Directions: Give the data below again exactly as written, but without the pictures.

Data below:
● ● ●
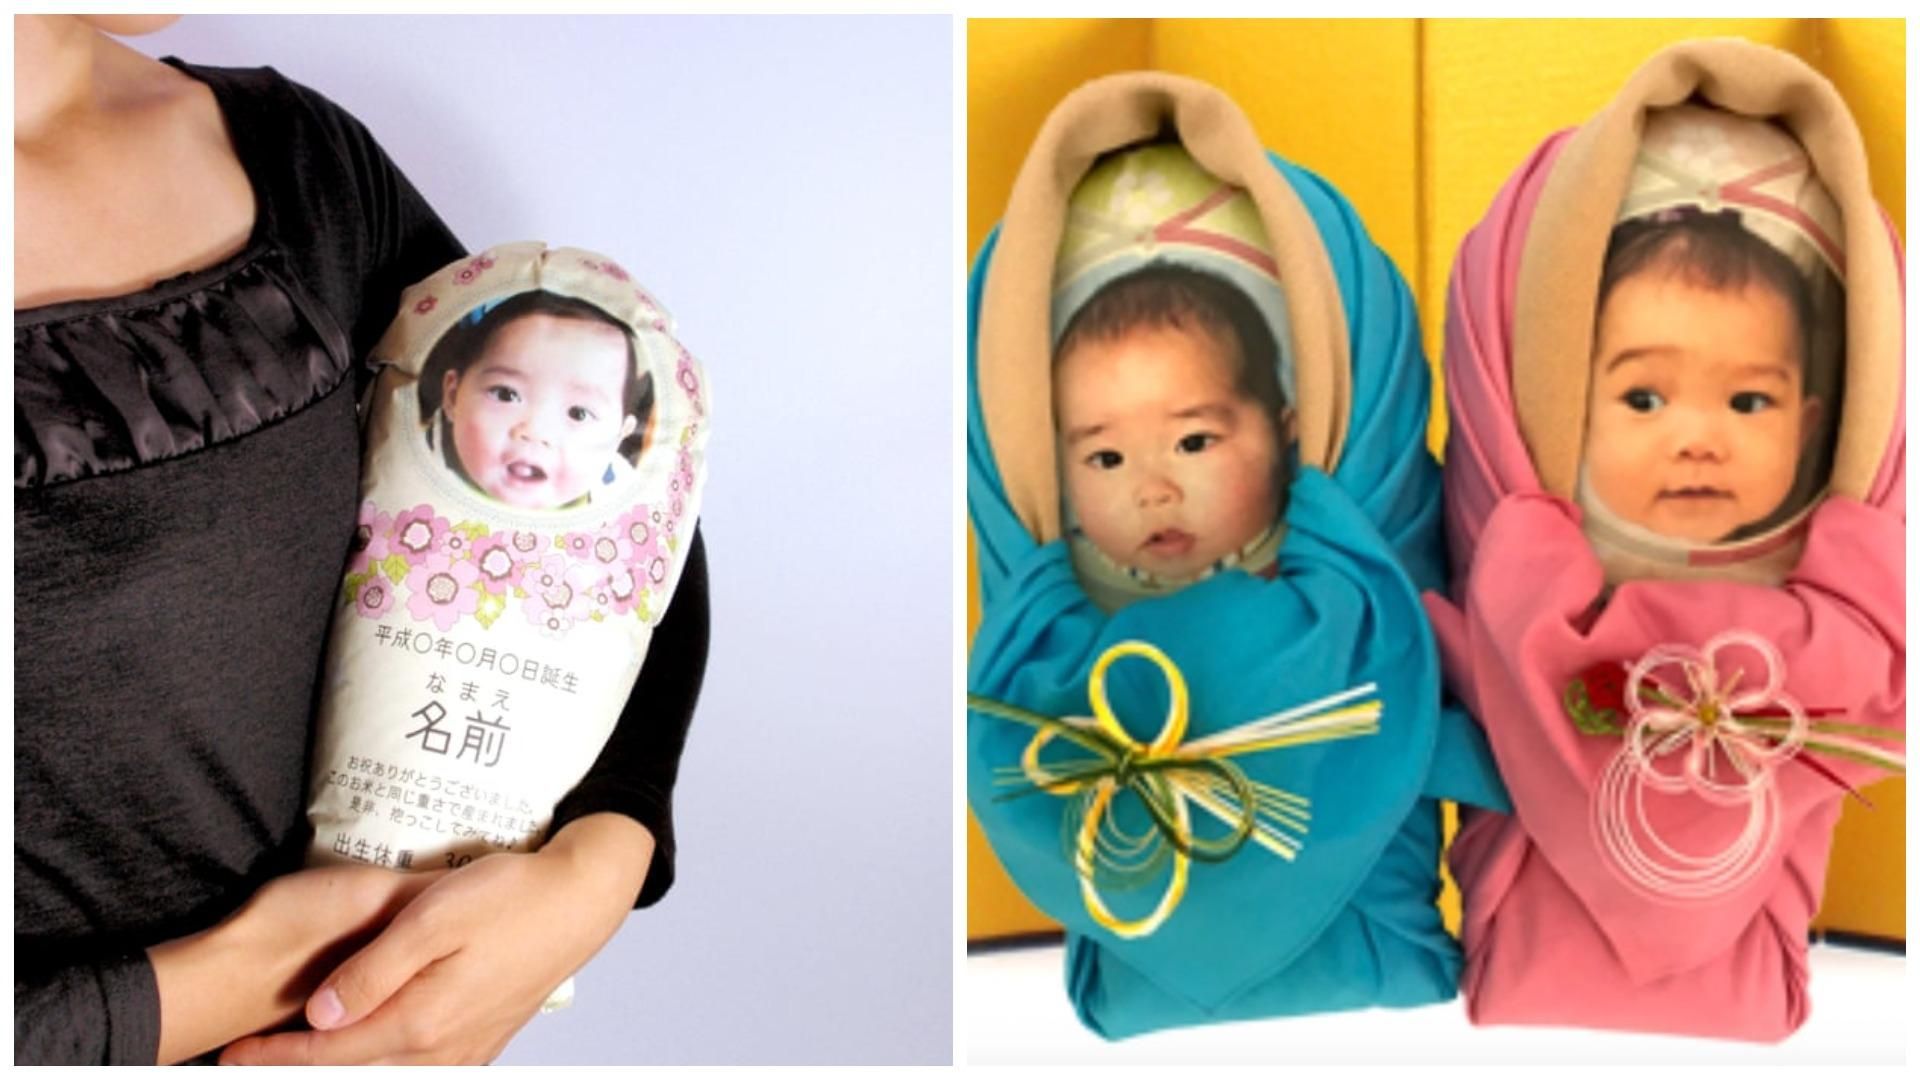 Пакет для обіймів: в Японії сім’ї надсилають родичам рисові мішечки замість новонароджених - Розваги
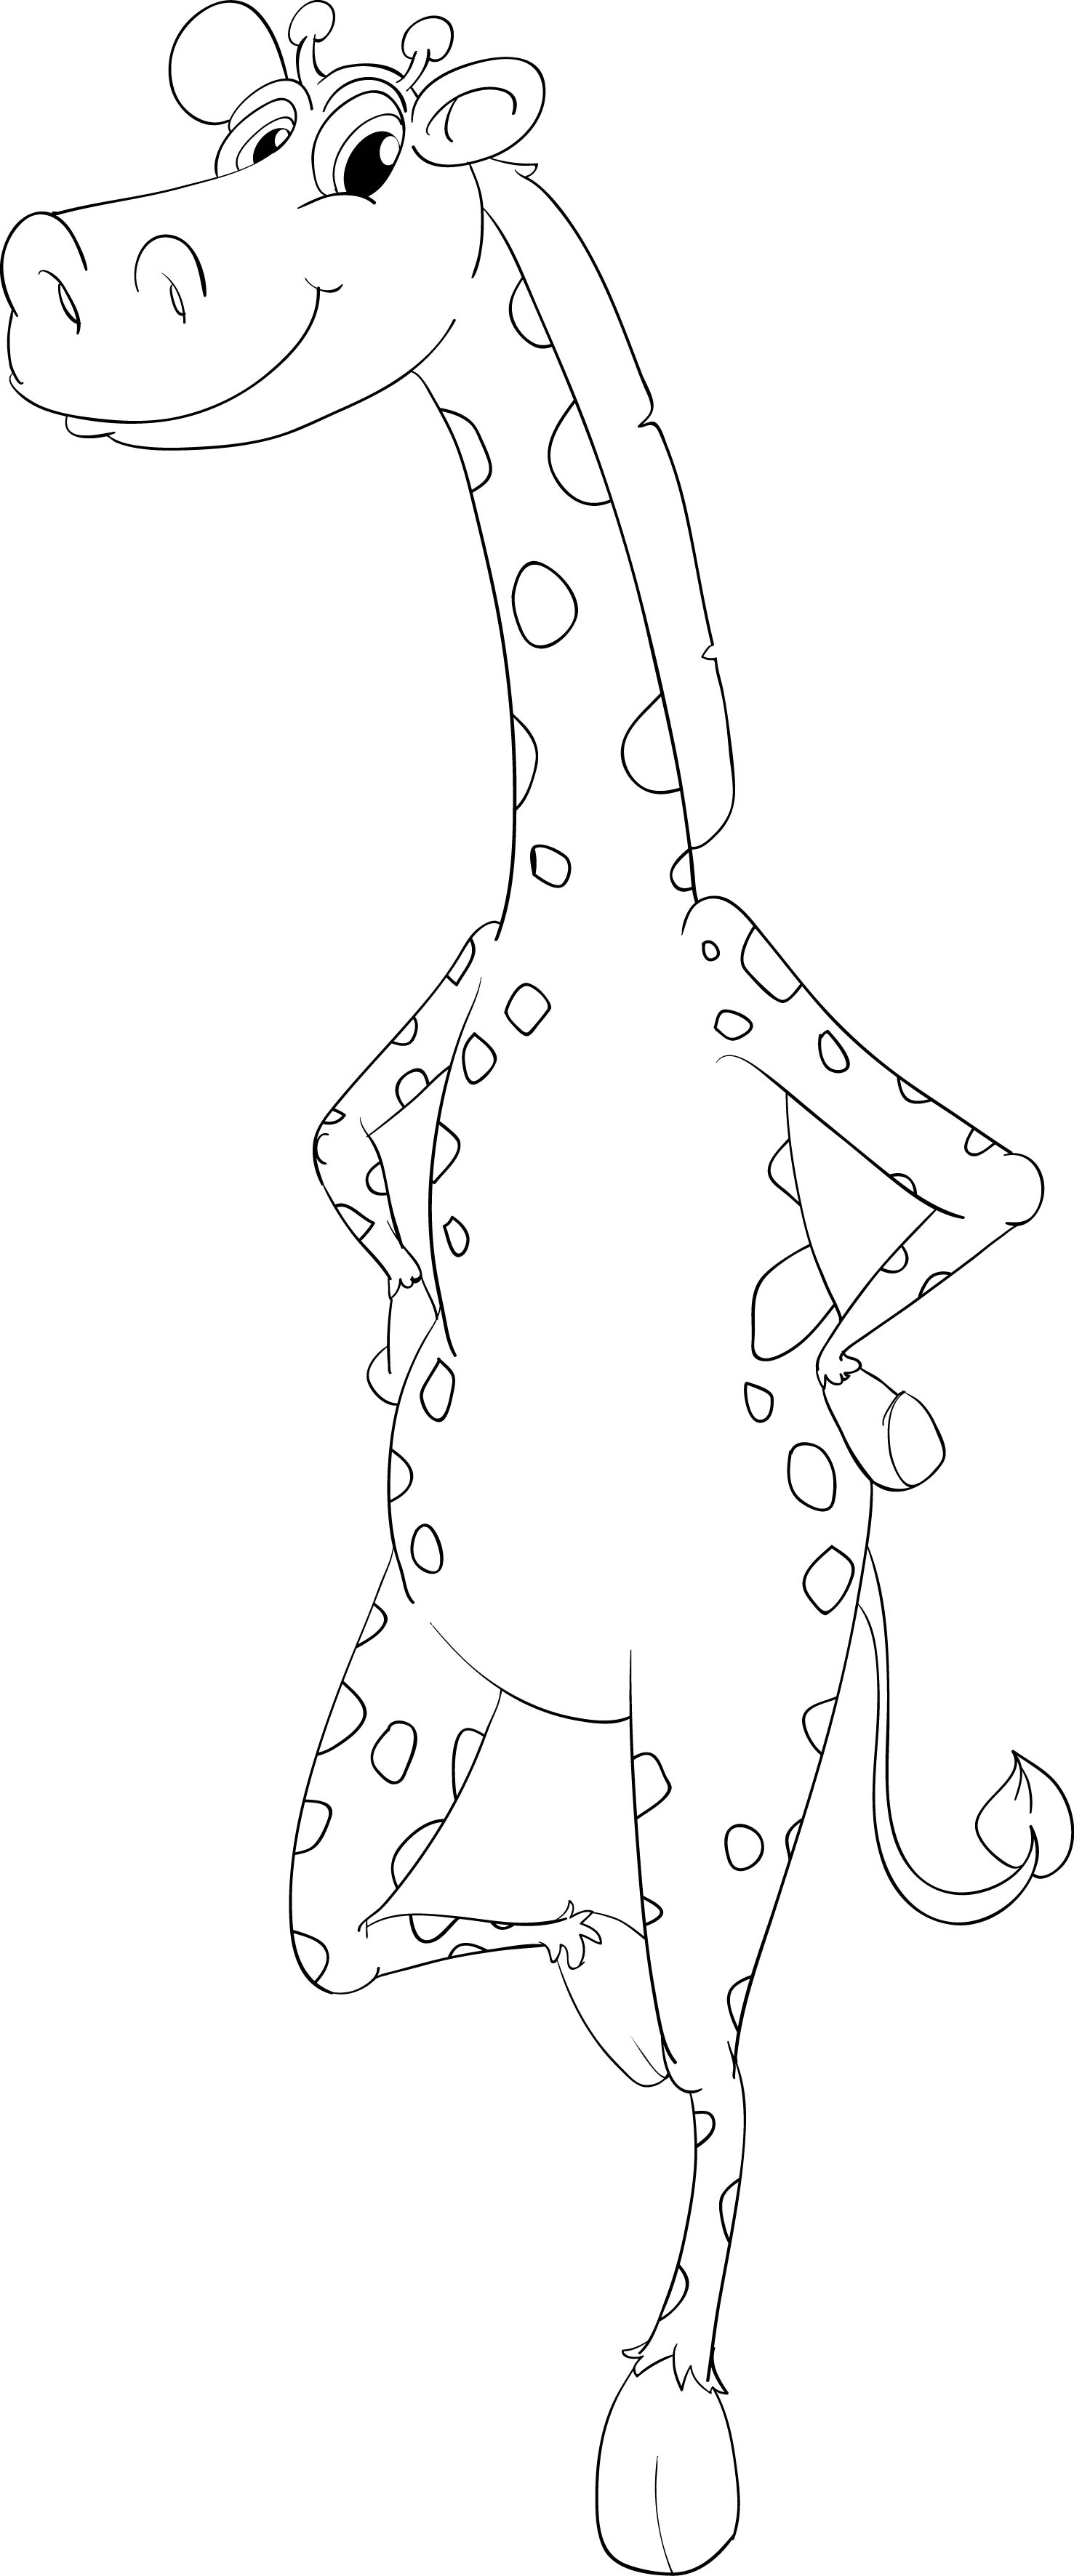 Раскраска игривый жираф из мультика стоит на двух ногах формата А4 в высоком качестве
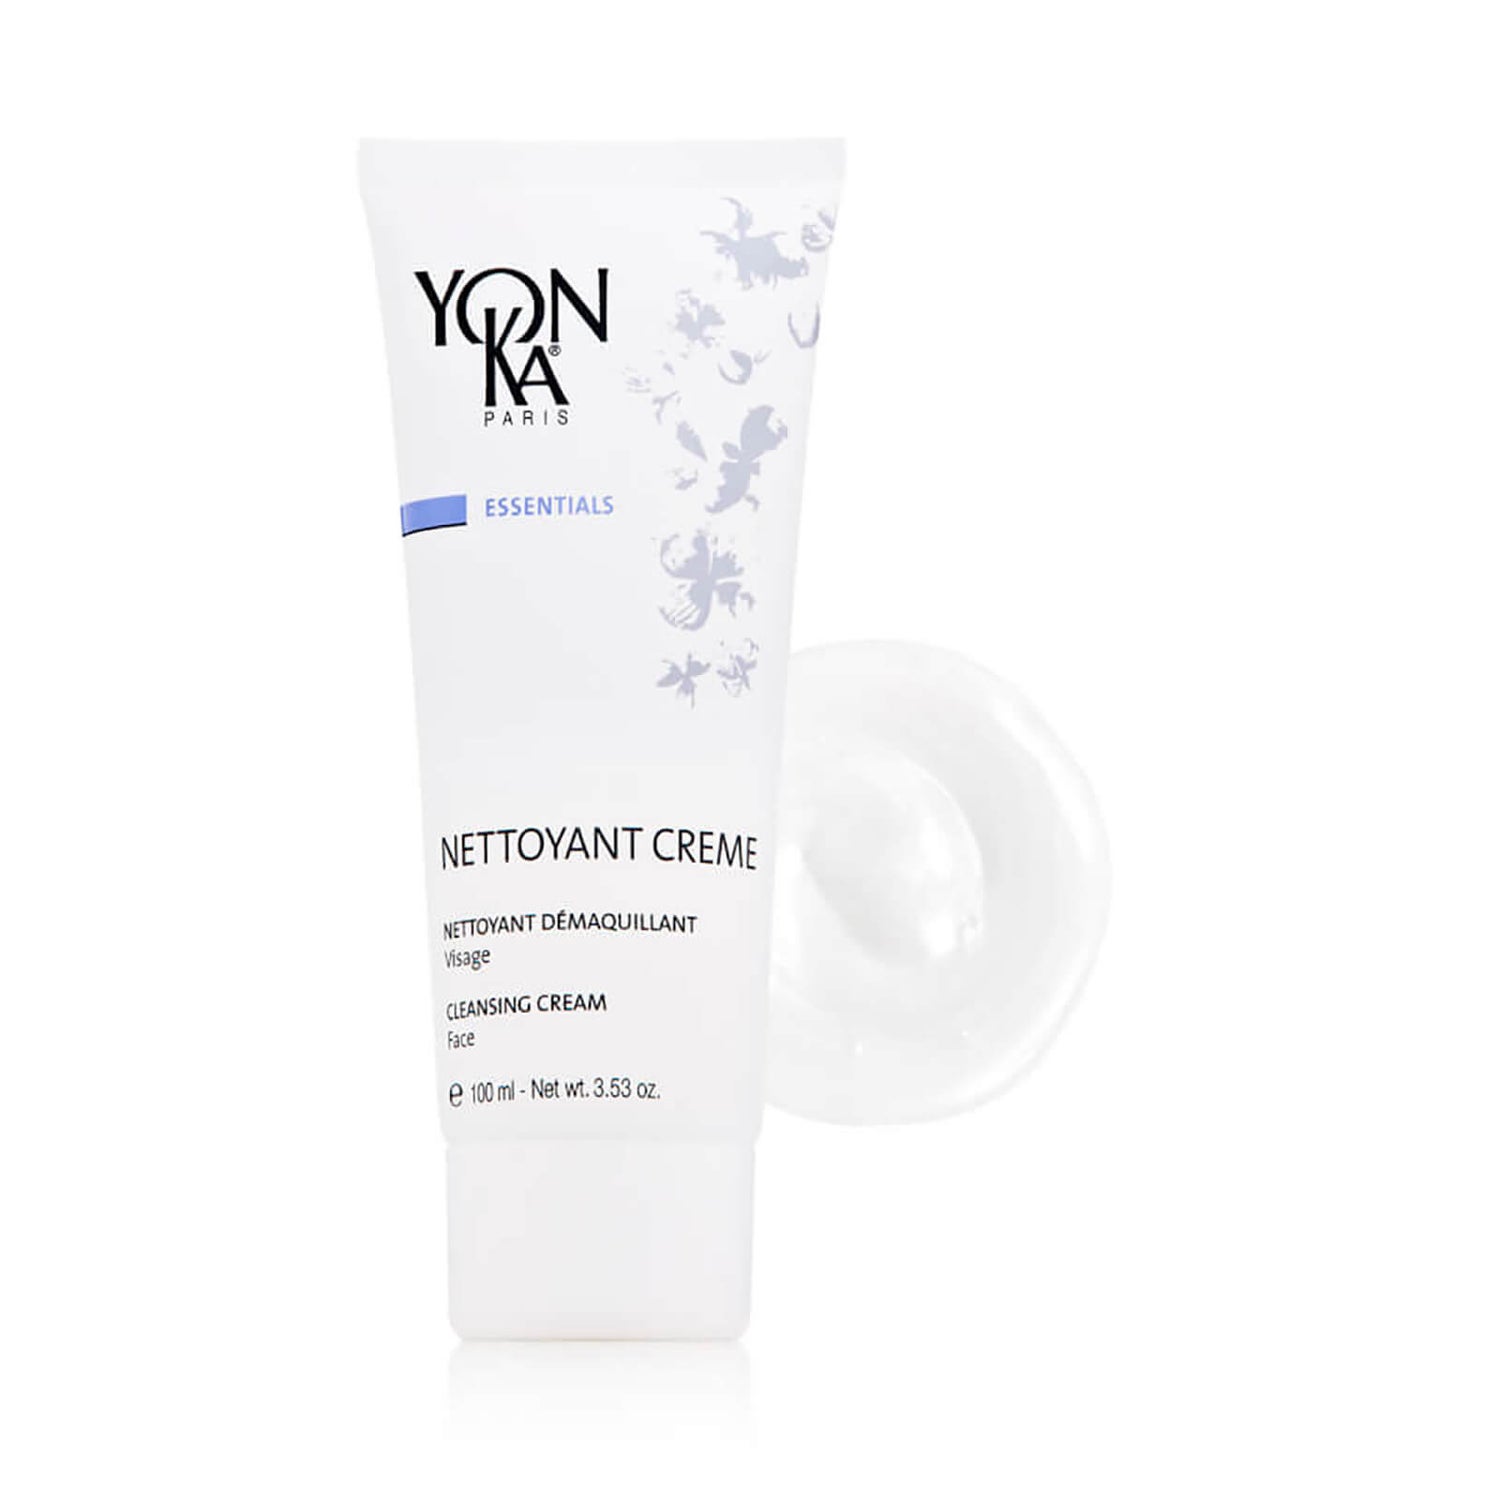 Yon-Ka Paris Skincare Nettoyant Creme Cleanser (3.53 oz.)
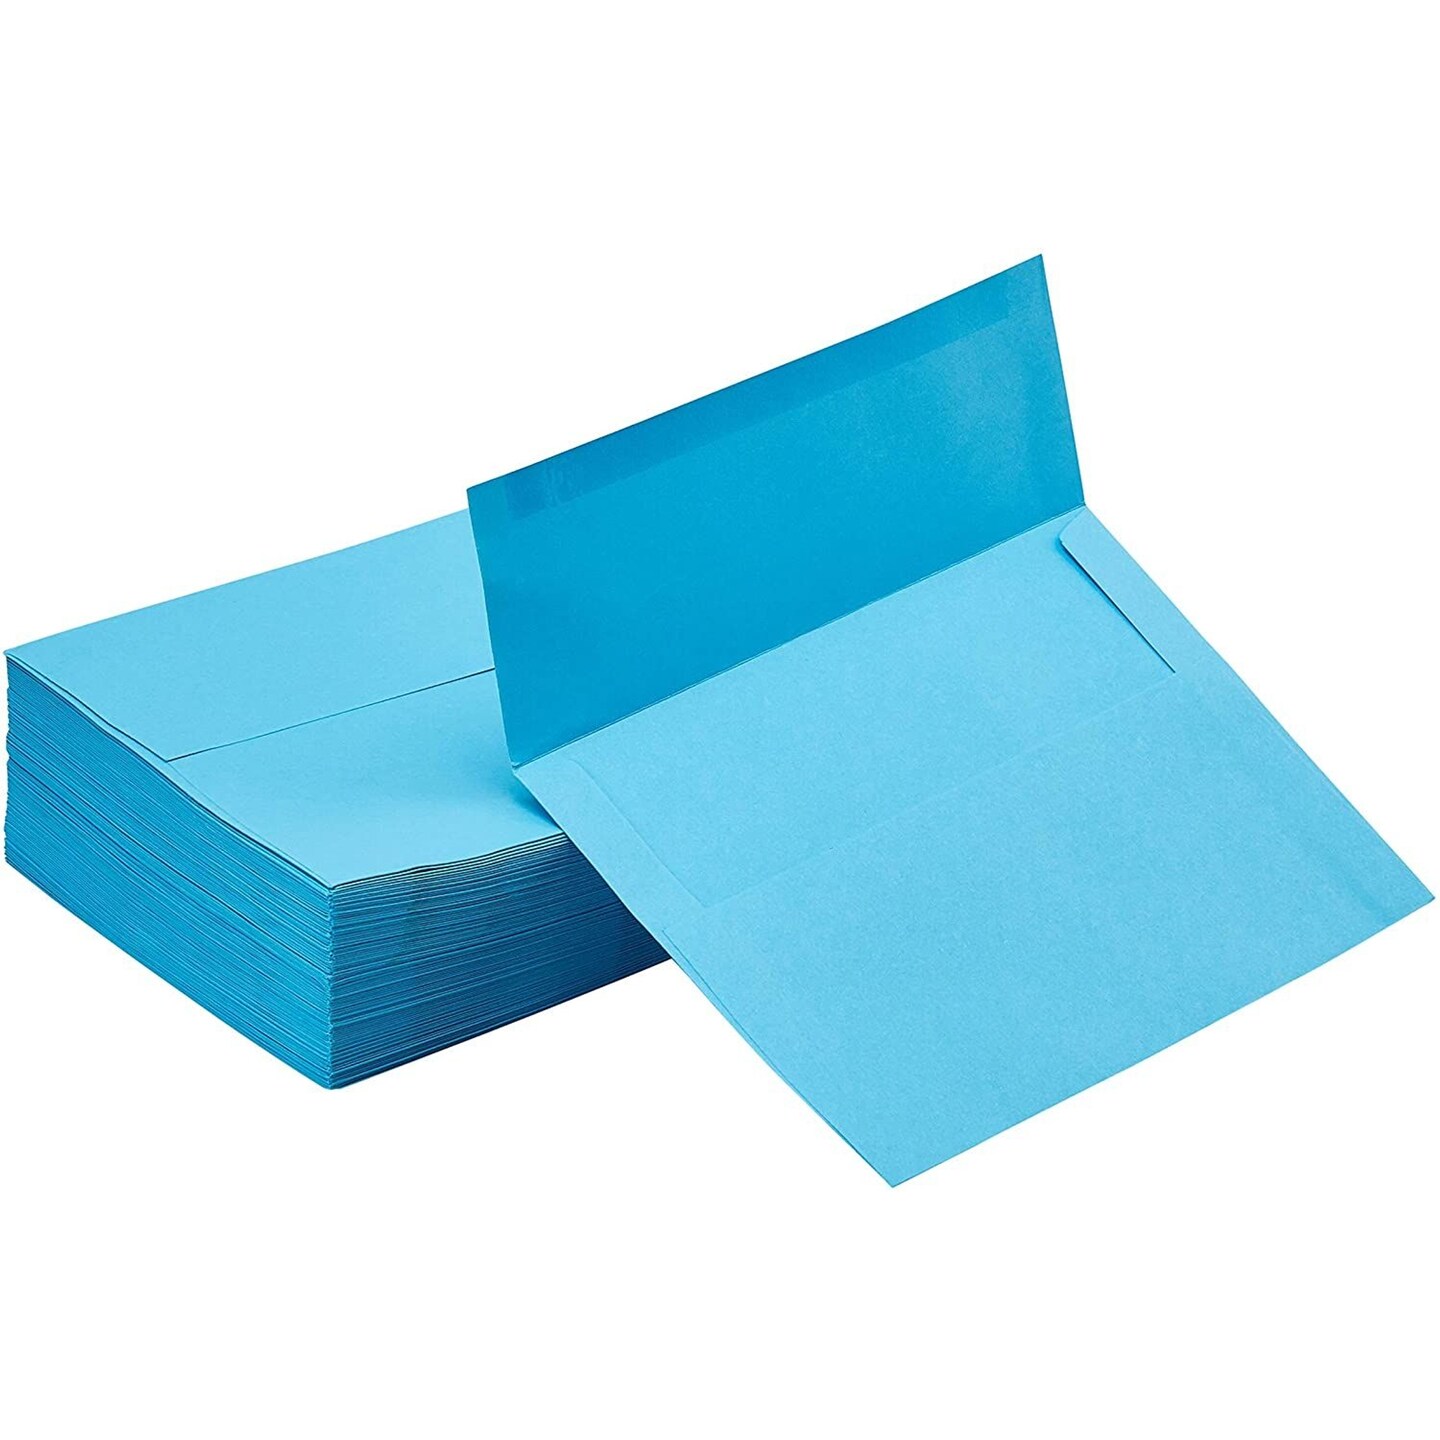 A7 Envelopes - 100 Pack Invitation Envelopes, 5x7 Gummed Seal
● ● ●
Exercise solution:
 Пакет для обіймів: в Японії сім’ї надсилають родичам рисові мішечки замість новонароджених - Розваги
 Раскраска игривый жираф из мультика стоит на двух ногах формата А4 в высоком качестве
 Yon-Ka Paris Skincare Nettoyant Creme Cleanser (3.53 oz.)
 A7 Envelopes - 100 Pack Invitation Envelopes, 5x7 Gummed Seal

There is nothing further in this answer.